====== Recorded data ======

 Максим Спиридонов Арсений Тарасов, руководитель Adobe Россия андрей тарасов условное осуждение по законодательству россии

======
====== Recorded data ======

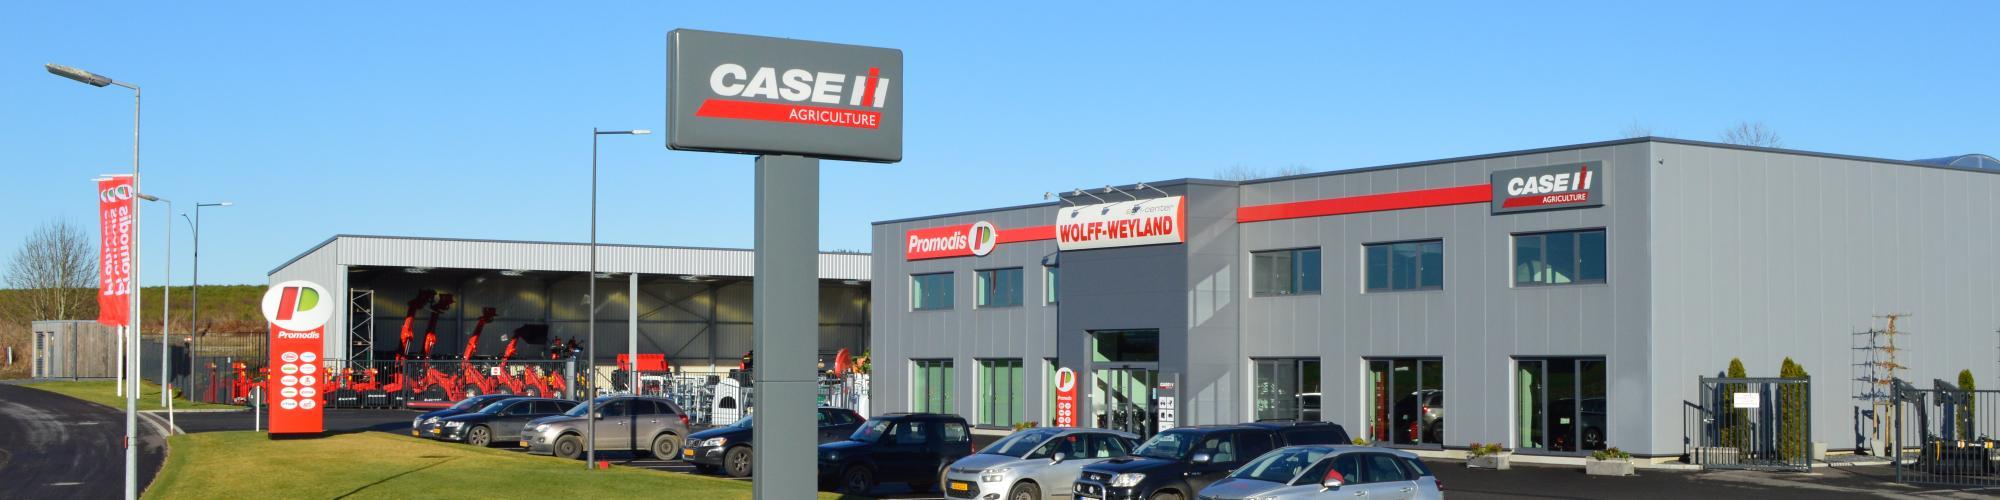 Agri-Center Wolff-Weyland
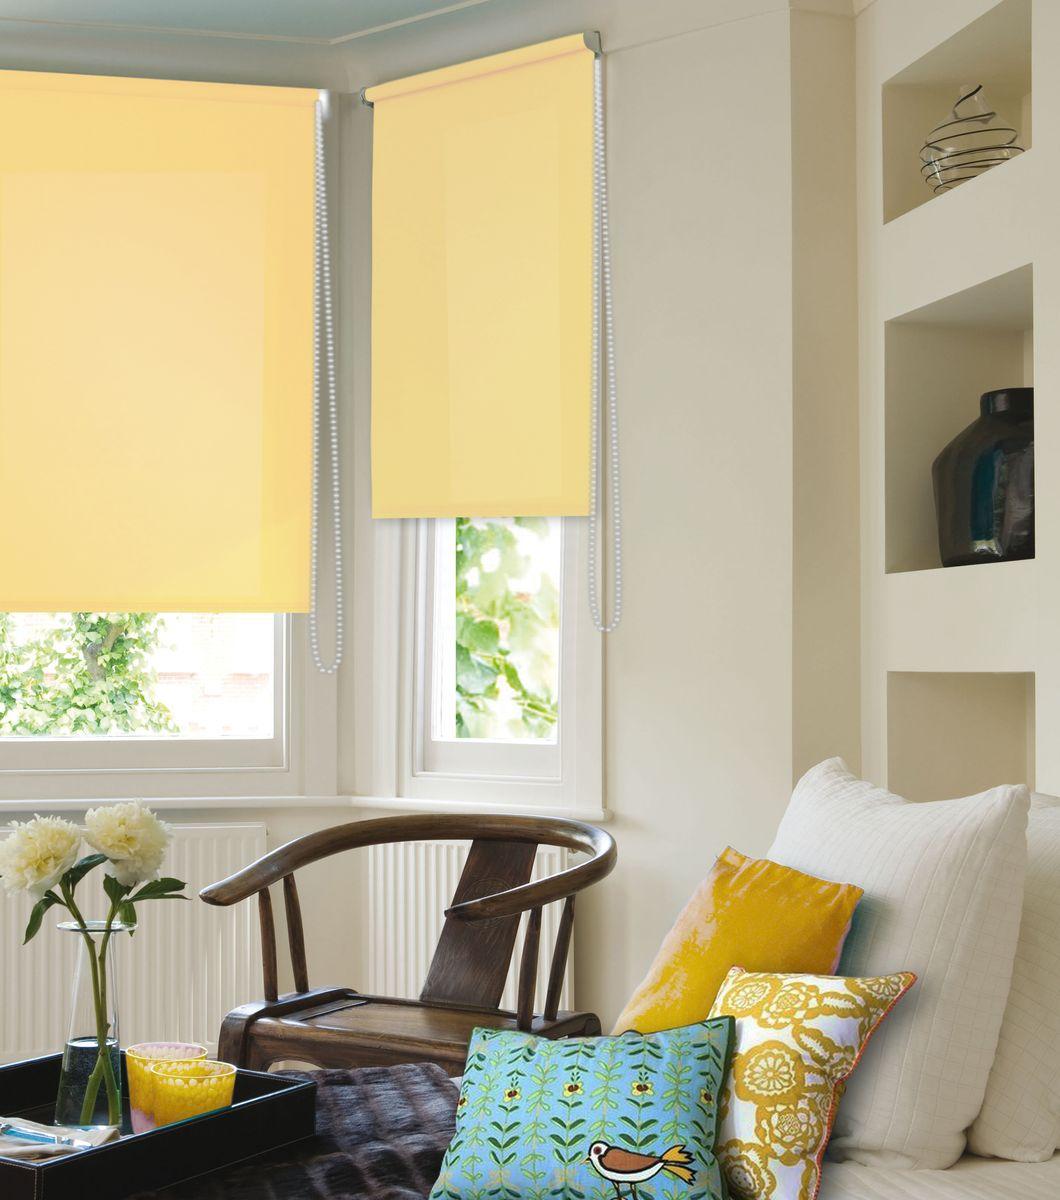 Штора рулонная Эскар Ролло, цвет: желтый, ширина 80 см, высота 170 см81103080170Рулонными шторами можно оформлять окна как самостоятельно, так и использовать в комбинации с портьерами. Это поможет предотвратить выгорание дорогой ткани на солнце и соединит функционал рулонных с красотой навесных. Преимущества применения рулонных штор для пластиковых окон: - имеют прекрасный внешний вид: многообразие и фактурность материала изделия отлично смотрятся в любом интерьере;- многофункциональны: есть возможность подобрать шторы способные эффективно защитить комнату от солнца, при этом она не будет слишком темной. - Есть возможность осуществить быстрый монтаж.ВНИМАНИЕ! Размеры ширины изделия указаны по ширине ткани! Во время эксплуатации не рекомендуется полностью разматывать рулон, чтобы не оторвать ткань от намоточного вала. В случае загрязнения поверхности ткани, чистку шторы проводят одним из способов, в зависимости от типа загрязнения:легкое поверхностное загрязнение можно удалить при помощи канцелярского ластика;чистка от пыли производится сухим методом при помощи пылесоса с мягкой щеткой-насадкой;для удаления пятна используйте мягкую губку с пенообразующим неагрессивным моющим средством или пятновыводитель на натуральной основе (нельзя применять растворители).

======

### What is expected
In the listing above, find the line containing "Agri-Center Wolff-Weyland" and the line containing "Штора рулонная Эскар", then output those two lines and everything between them exactly as written, without the images.

### Result of the exercise
 Agri-Center Wolff-Weyland
 Штора рулонная Эскар Ролло, цвет: желтый, ширина 80 см, высота 170 см81103080170Рулонными шторами можно оформлять окна как самостоятельно, так и использовать в комбинации с портьерами. Это поможет предотвратить выгорание дорогой ткани на солнце и соединит функционал рулонных с красотой навесных. Преимущества применения рулонных штор для пластиковых окон: - имеют прекрасный внешний вид: многообразие и фактурность материала изделия отлично смотрятся в любом интерьере;- многофункциональны: есть возможность подобрать шторы способные эффективно защитить комнату от солнца, при этом она не будет слишком темной. - Есть возможность осуществить быстрый монтаж.ВНИМАНИЕ! Размеры ширины изделия указаны по ширине ткани! Во время эксплуатации не рекомендуется полностью разматывать рулон, чтобы не оторвать ткань от намоточного вала. В случае загрязнения поверхности ткани, чистку шторы проводят одним из способов, в зависимости от типа загрязнения:легкое поверхностное загрязнение можно удалить при помощи канцелярского ластика;чистка от пыли производится сухим методом при помощи пылесоса с мягкой щеткой-насадкой;для удаления пятна используйте мягкую губку с пенообразующим неагрессивным моющим средством или пятновыводитель на натуральной основе (нельзя применять растворители).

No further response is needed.